There were three noticeable Si-O peaks located at 1102, 801, and 468 cm⁻¹ on the CSB surface; on the Na-CSB and Ca-CSB surfaces, these peaks were weakened due to the destruction of Si-O bonds by calcium hydroxide and sodium hydroxide [34]. The intensity of these three peaks on the Na-CSB surface weakened more than that of the same peaks on the Ca-CSB surface, and the position of the peaks shifted, resulting in a weaker interaction between Si-O and TC on the Na-CSB surface than on the Ca-CSB surface. Thus, the TC adsorption capacity of Na-CSB was lower than that of Ca-CSB. CO₃²⁻ peaks were observed on the Na-CSB and Ca-CSB surfaces with positions at 865 and 873 cm⁻¹, respectively, which were absent in CSB, indicating the presence of several CO₃²⁻ ions that facilitated an increase in the number of O-containing functional groups on the surface of Ca-CSB, improving the adsorption of TC and further increasing the gap between the adsorption capacities of Ca-CSB and Na-CSB.

Therefore, compared to CSB and Na-CSB, the higher adsorption capacity of TC by Ca-CSB can be attributed to the following aspects: (1) at pH range between 7.3 and 9.7, electrostatic attraction occurs between the positively charged biochar surface and negatively charged TC surface; (2) at a lower pH, TC and the Ca²⁺ produced by the dissolution of CaCO₃ on the surface of Ca-CSB form a complex; (3) several -OH, C-O, Si-O, and CO₃²⁻ oxygen-containing functional groups on the surface interact with TC functional groups via hydrogen bonding; (4) π–π interactions between C=C bonds and TC occur; and (5) pore diffusion.
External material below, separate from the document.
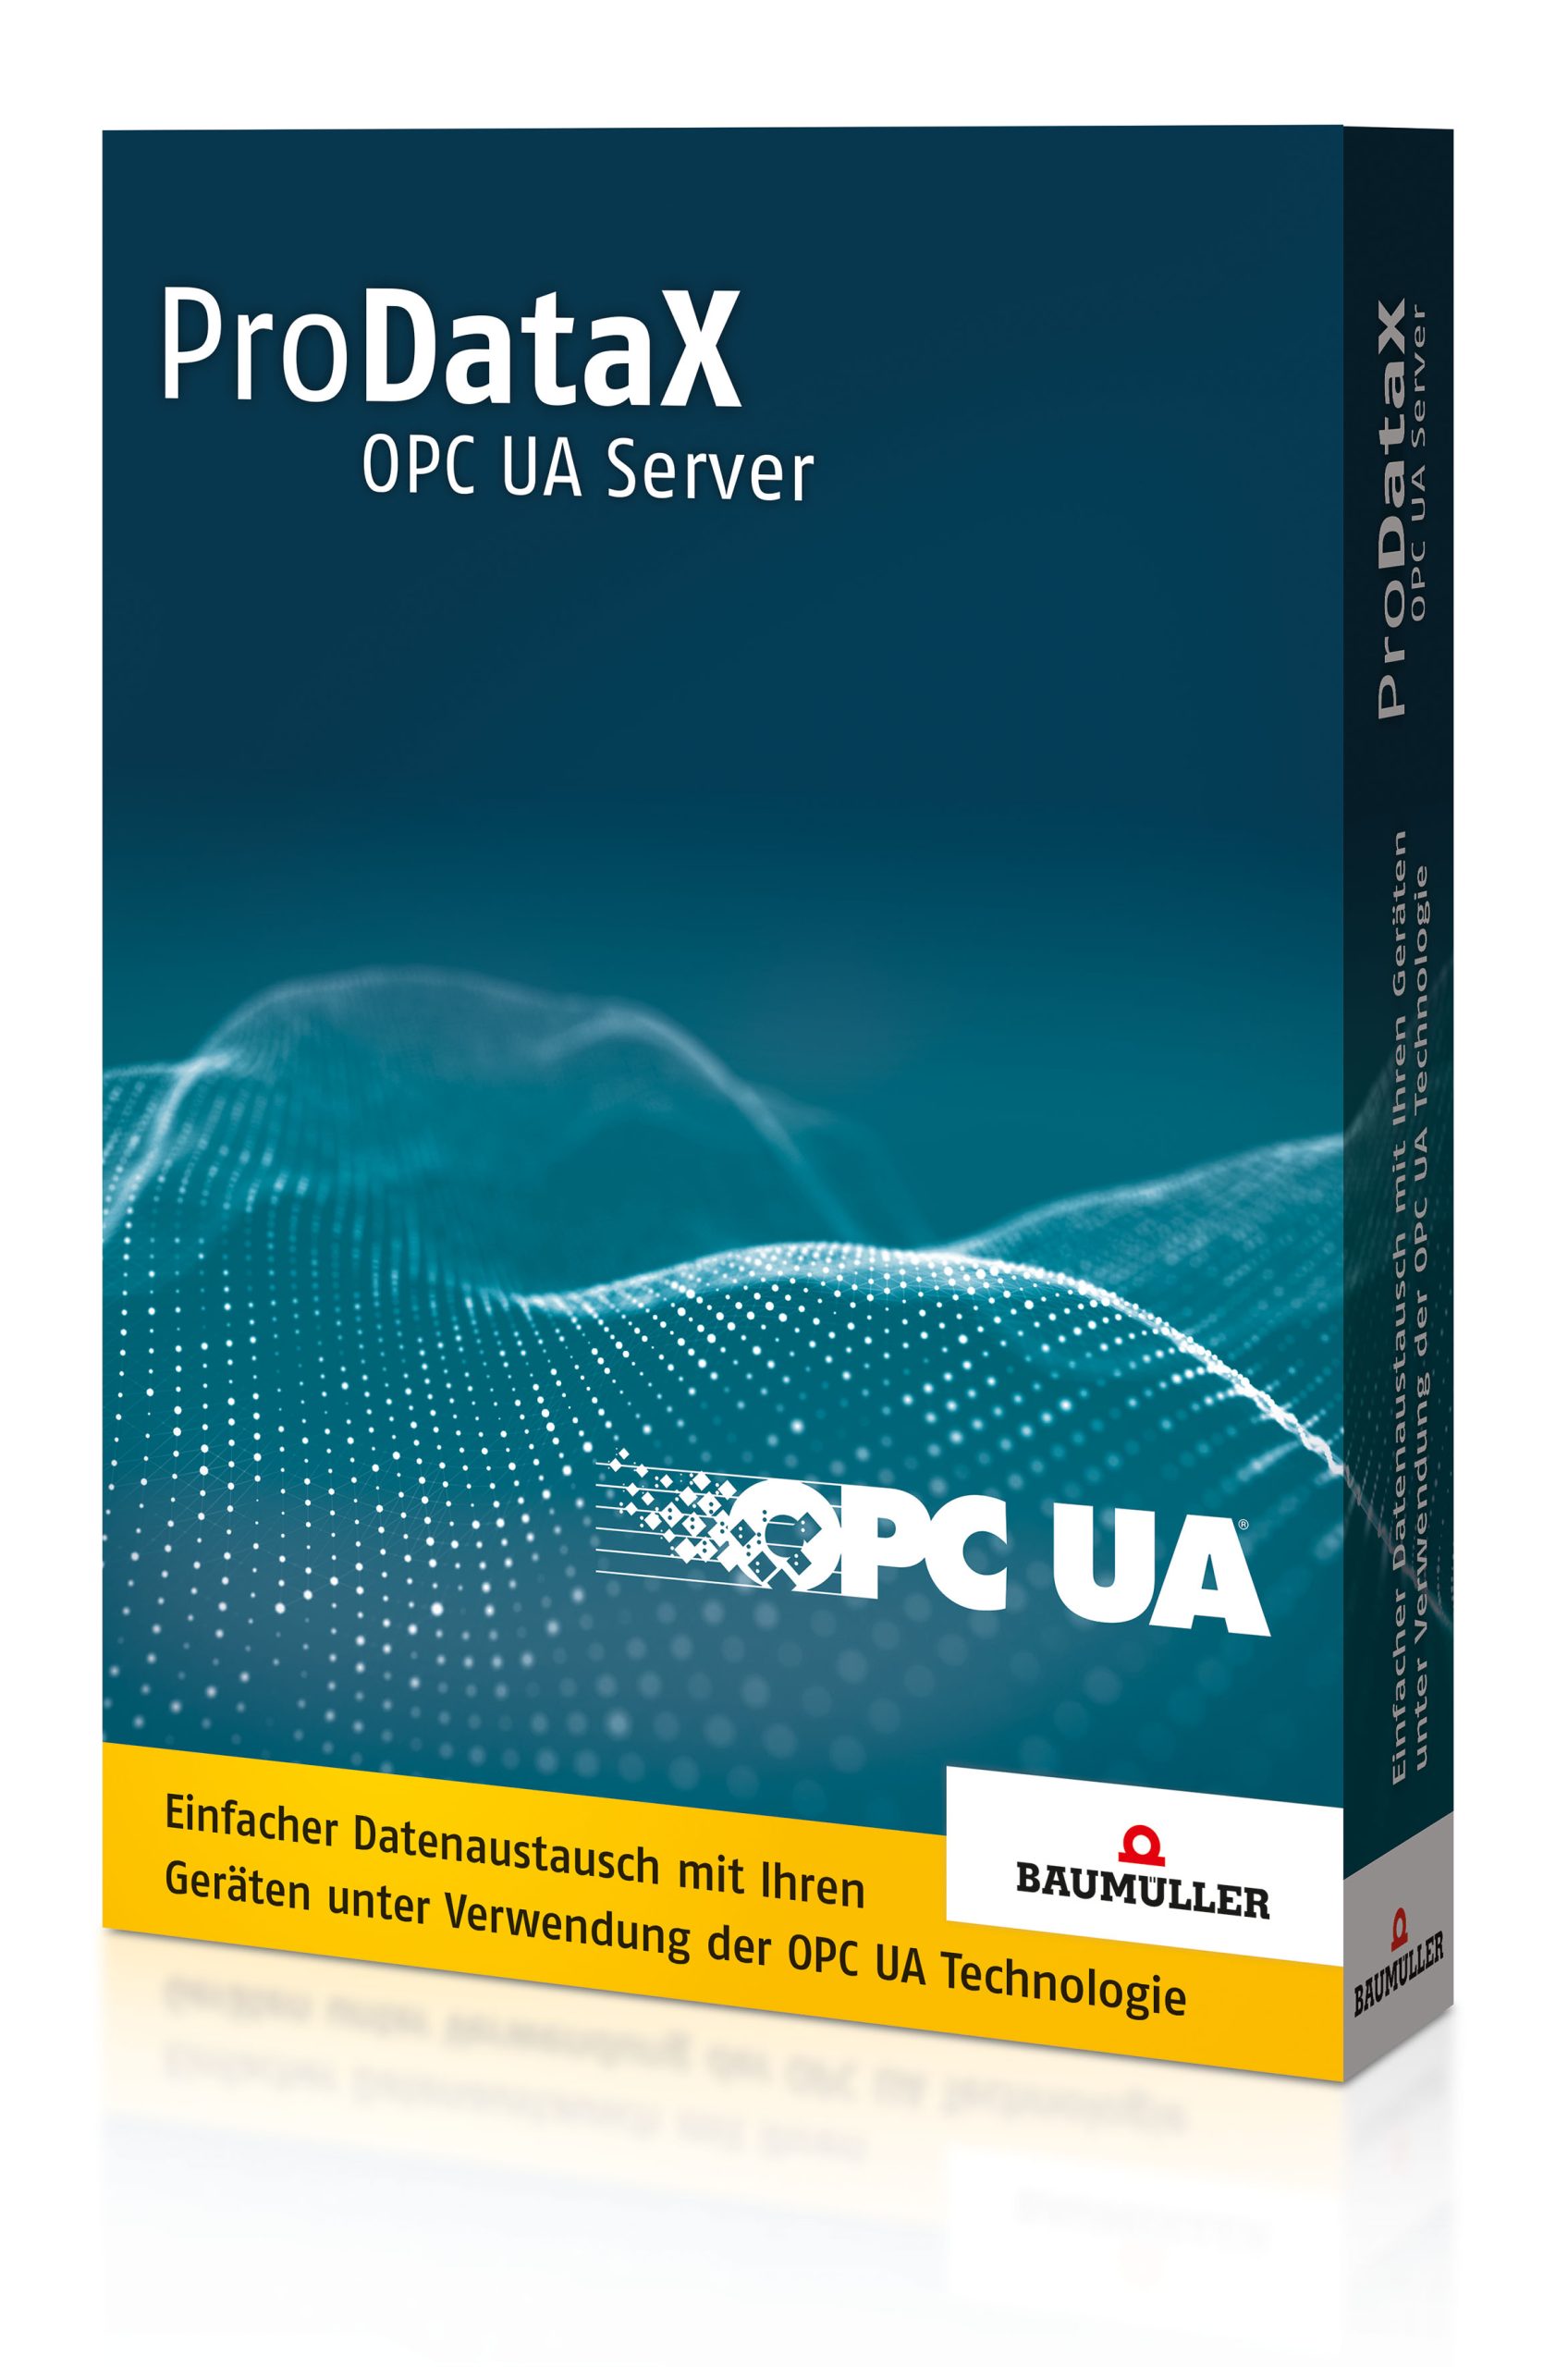 UPC-UA-Software-Tool als Kommunikationsschnittstelle

The mechanism underlying TC adsorption on Ca-CSBs is summarised in Figure 5. In general, Ca-CSB is a green, affordable, and efficient TC adsorbent with great potential and prospect in the treatment of wastewater containing antibiotics.

4. Conclusions

Among the nine types of agricultural biomasses studied, calcium hydroxide exhibited the most effective modification effect on straw biomass. Ca-CSB demonstrated pH buffering capacity, maintaining the pH at 9.6, which was found to be the optimum pH for TC adsorption by Ca-CSB. Moreover, Ca-CSB showed a higher maximum adsorption capacity than the other biochars prepared at pyrolysis temperatures of 500 °C. The adsorption process followed the PSO kinetic model and Langmuir isotherm adsorption. The dominant mechanisms involved in TC adsorption by Ca-CSB were hydrogen bonding, oxygen-containing functional groups, Ca²⁺-metal complexation, and electrostatic attraction.